One useful attribute for analysis is reachability:
Given an input state, can the petri-net state machine be transformed into a target state?
Another testable property is boundedness:
Does this net model a closed system? Can a given place ever hold more than N tokens? Does the system ever create or destroy tokens?
The last property we hilight is liveness:
Can the network reach a state where no transformations are possible? under what conditions does the network reach this halting state?

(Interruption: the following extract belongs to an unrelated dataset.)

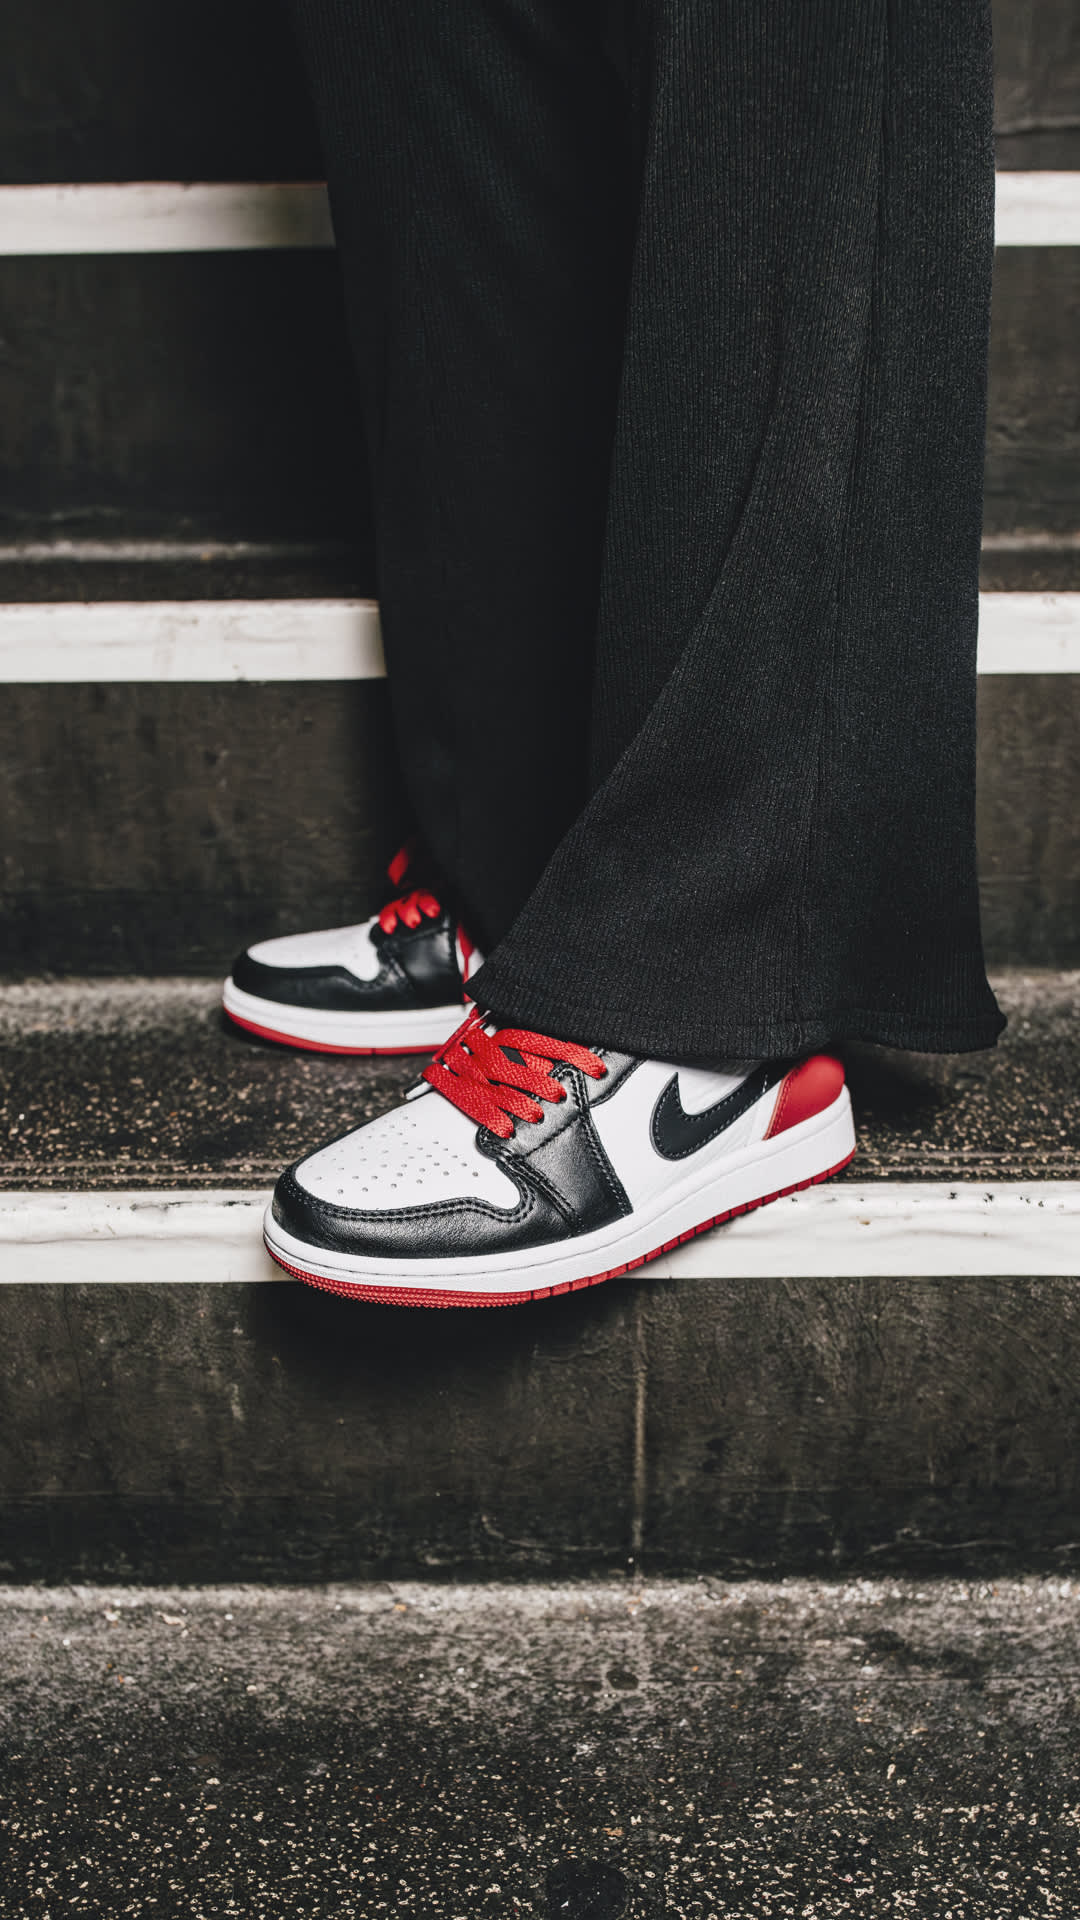 Nike Air Jordan 1 Retro Low “Black Toe”

Many of these properties can be analyzed through simulation. The petri-net itself is an executable schema. Pflow leverages this ability to interact with a model as a way to let users perform these checks simply by running model in a browser.
Conclusion
Building models into our code can improve design and the execution. Small models are comprehensible a user and developer alike. For a software developer, using a state machine for problem solving applies rigor at both design-time and program runtime. As a user, models can inform and educate about the state of a running process while interacting with a program. Check out the resources below how to use models in your code:
Visit https://pflow.xyz/docs-petri-net-101 to learn more about petri-nets, or try to compose one yourself using the editor https://pflow.xyz/editor.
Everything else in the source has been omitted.